#### REQUIREMENT:
Every line of the material needs an exact copy, apart from the images.

#### PROVIDED DATA:
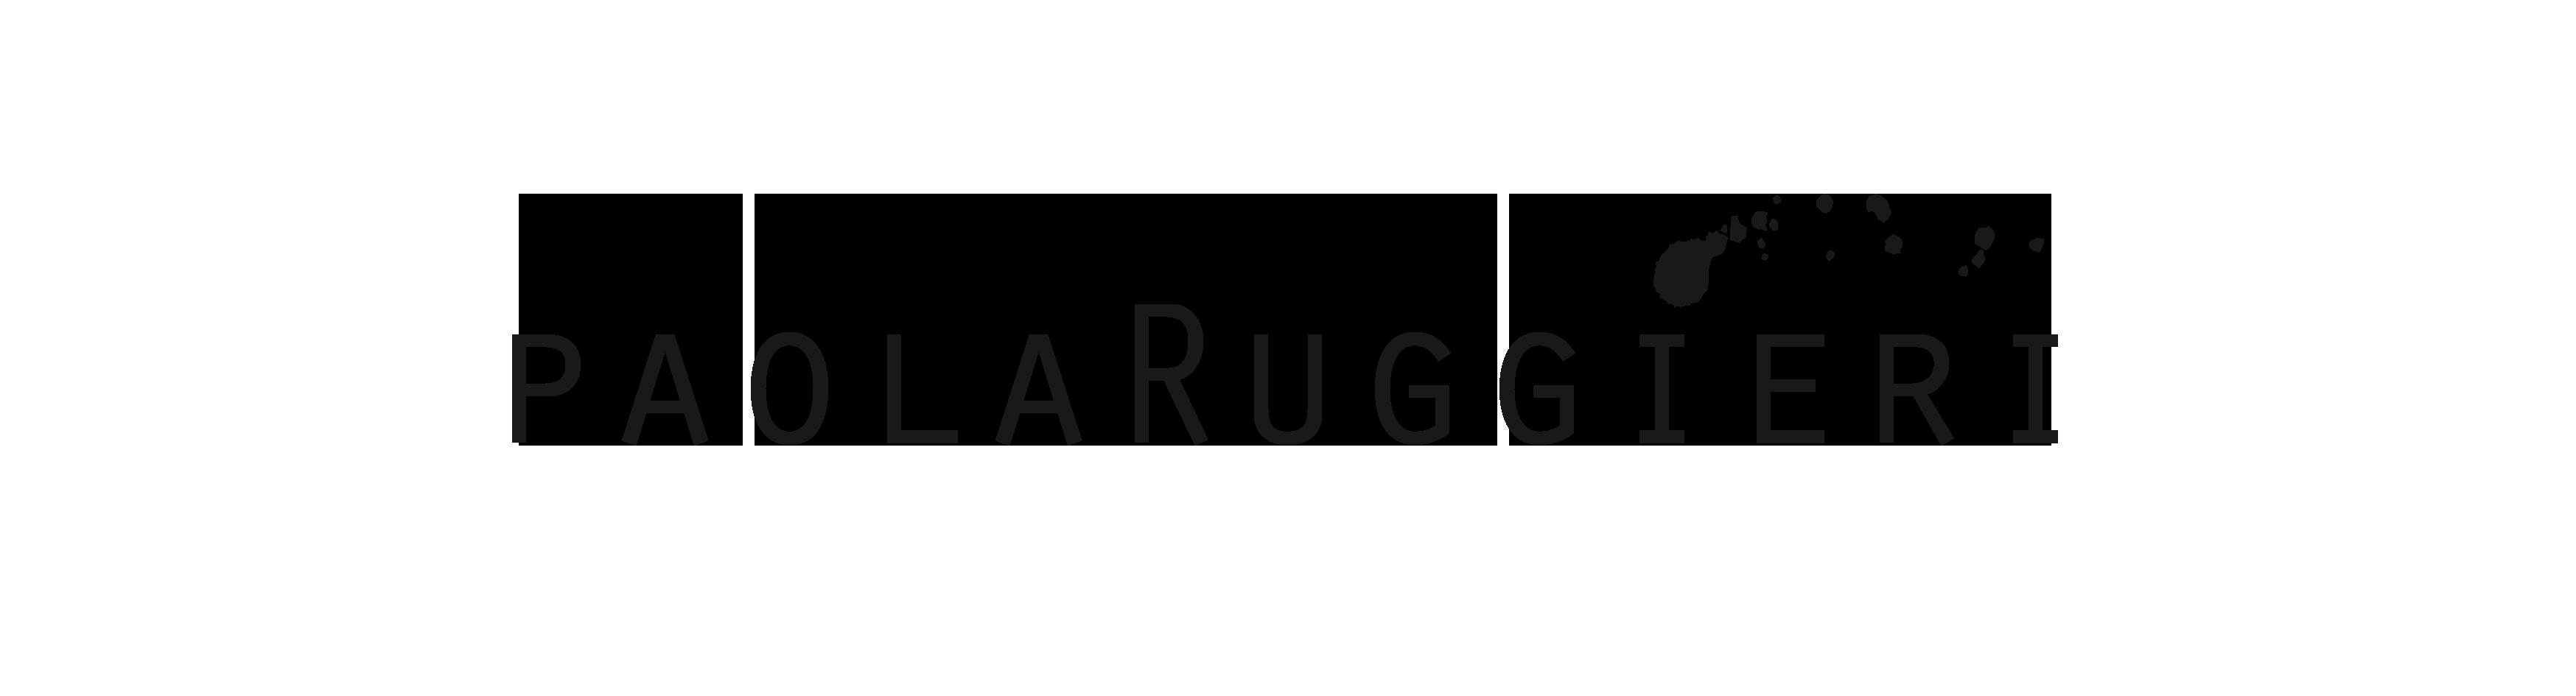 Paola Ruggieri
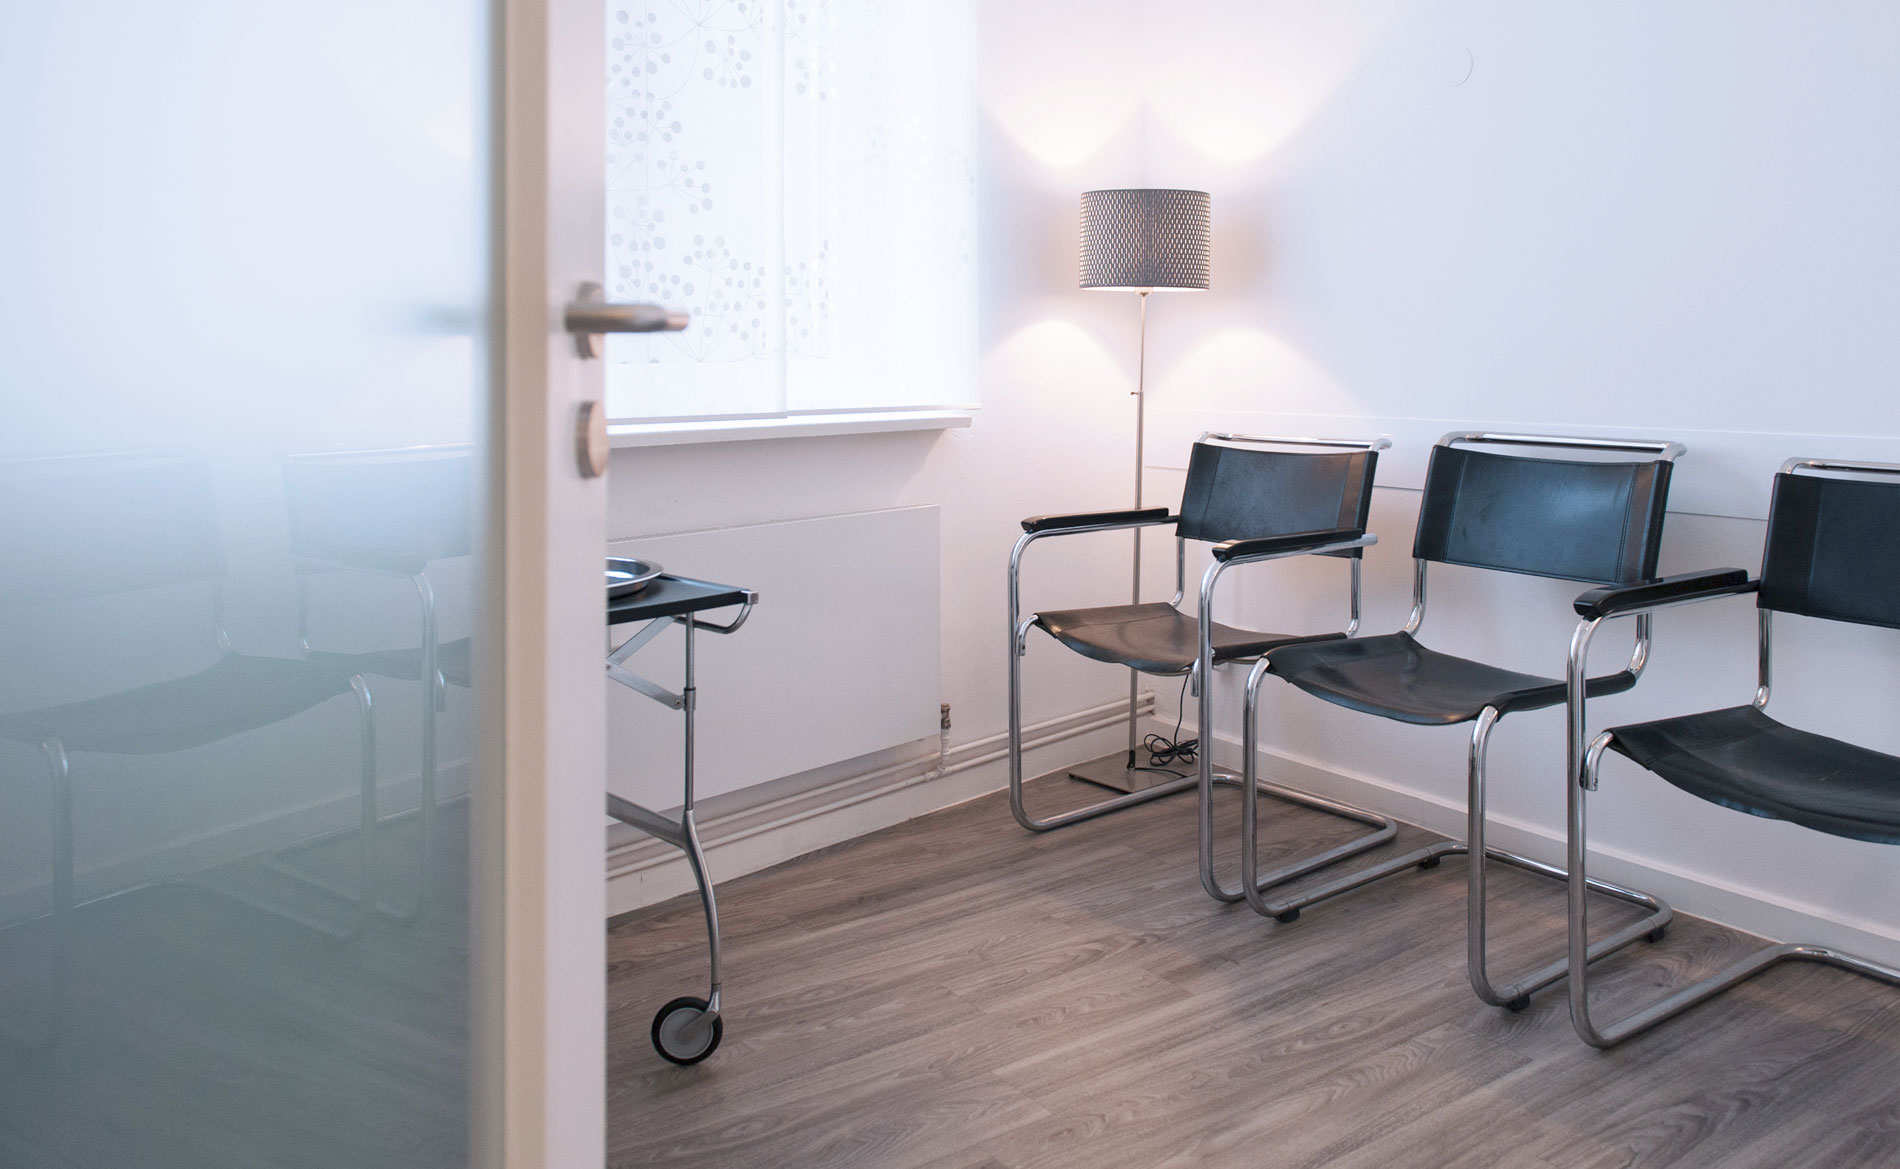 Zahnarzt Dr. Barbara Kammler-Wittig - Praxis Wartezimmer
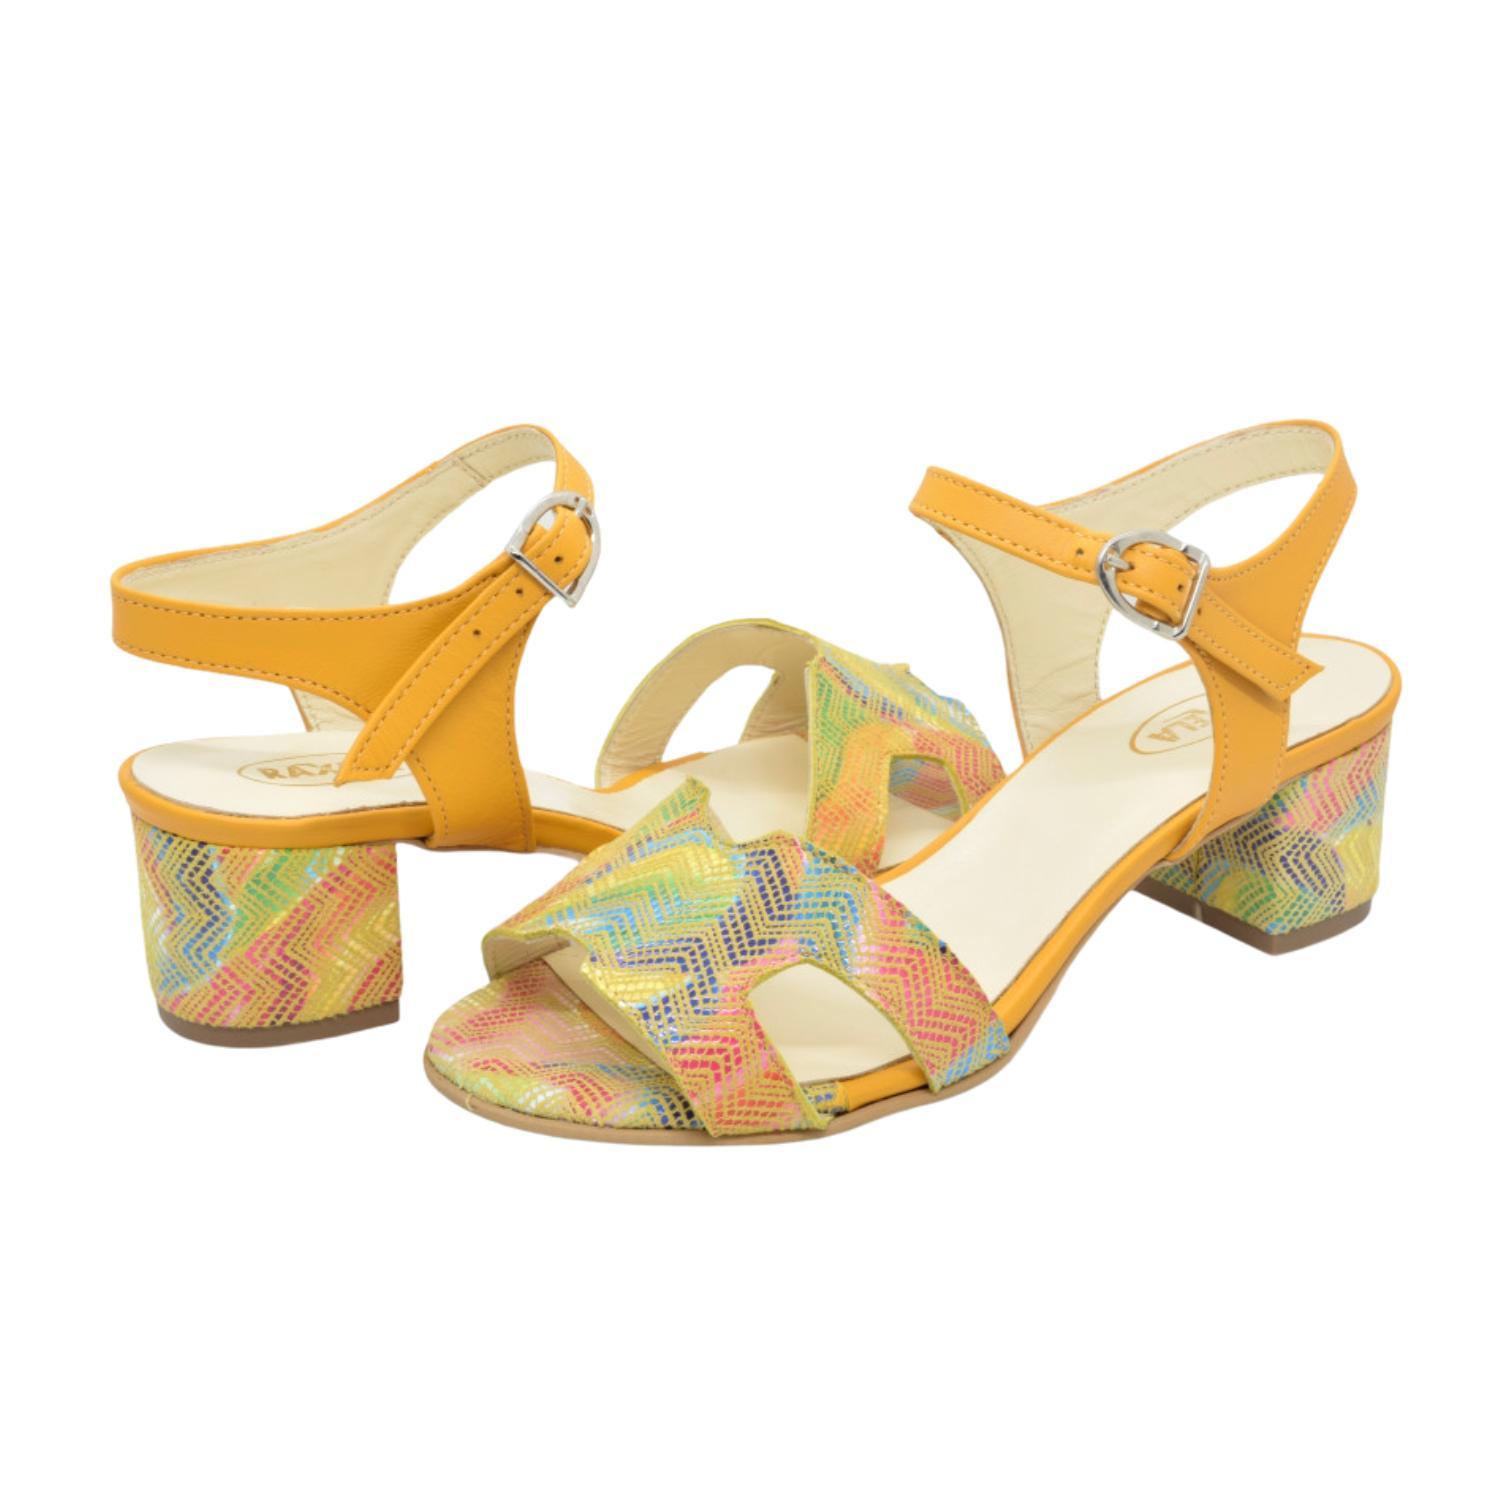 Sandale galbene cu model zig zag

#### EXERCISE ANSWER:
 Paola Ruggieri
 Zahnarzt Dr. Barbara Kammler-Wittig - Praxis Wartezimmer
 Sandale galbene cu model zig zag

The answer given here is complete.